而言溯担心浴室外的人再待下去又要闹分散,所以帮甄爱穿了衣服,开门出去。

外面的人有的在打瞌睡,有的细声细语在聊天。见他俩出来,幼师立刻走过来问甄爱:“你没事吧?”

甄爱摇摇头。

女仆忙递上准备好的冻伤药膏,其他人也寥寥地说了几句问候的话。

言溯看了一眼他怀疑的凶手,那人正和身边的人聊天,没任何异样。

虽然他基本确定了凶手是谁,但却不能直接揭发。这串案子还有好几个疑点,现场也还有组织派来的杀手。

据言溯的推测,组织原本想自己杀人顺带玩个游戏,没想这群人有内部的恩怨纠葛,自己内斗起来,结果组织的杀手来到岛上后,安之若素地看游戏。

杀医生用的手术刀,杀拳击手用的重锤,除此之外,言溯不知道凶手身上是否还携带了别的武器。
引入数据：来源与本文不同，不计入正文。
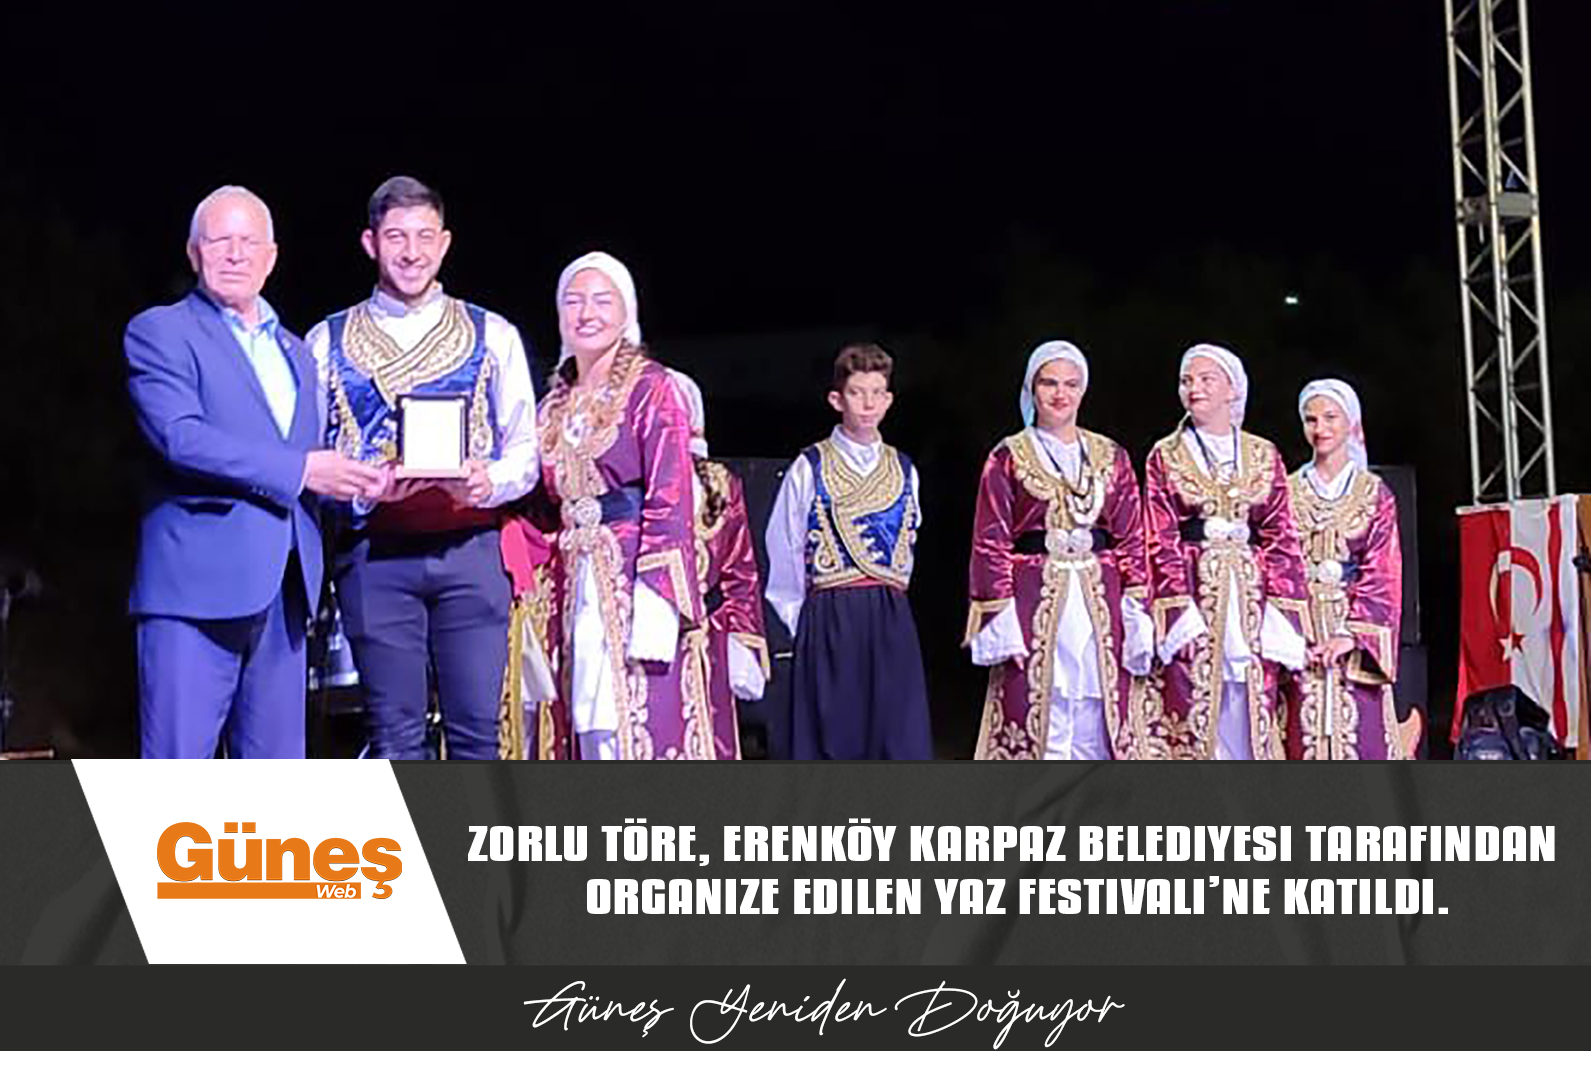 Cumhuriyet Meclisi Başkanı Zorlu Töre, Erenköy Karpaz Belediyesi tarafından organize edilen Yaz Festivali’ne katıldı.

如果他贸然指出,凶手很可能会挟持在场的人;即使真把他制服,那也是更大的危险。

剩余的人以为凶手被抓到,就会放松警惕;而这时,组织的杀手见凶手被抓了,就会亲自动手继续杀人。

现在这种大家相互怀疑的气氛,反而是最好的。

但目前更让他担心的还是另外一个问题:“主持人呢?”

律师答:“刚才我们去起居室抱毛毯,他说要回房间,叫我们别等他。不过……”律师看看手表,“好像快一个小时了。”

经他一提醒,大家都察觉出了异样。

甄爱奇怪:“他消失这么久,你们刚才都没人去找他?”

演员早换了暖和的衣服,不那么暴露了。她看着甄爱,不知是嫉妒还是什么,浓妆的脸色不好,看着像鬼,语气更不好:“所有人都在这里,就他一个人在外边,能出什么事?”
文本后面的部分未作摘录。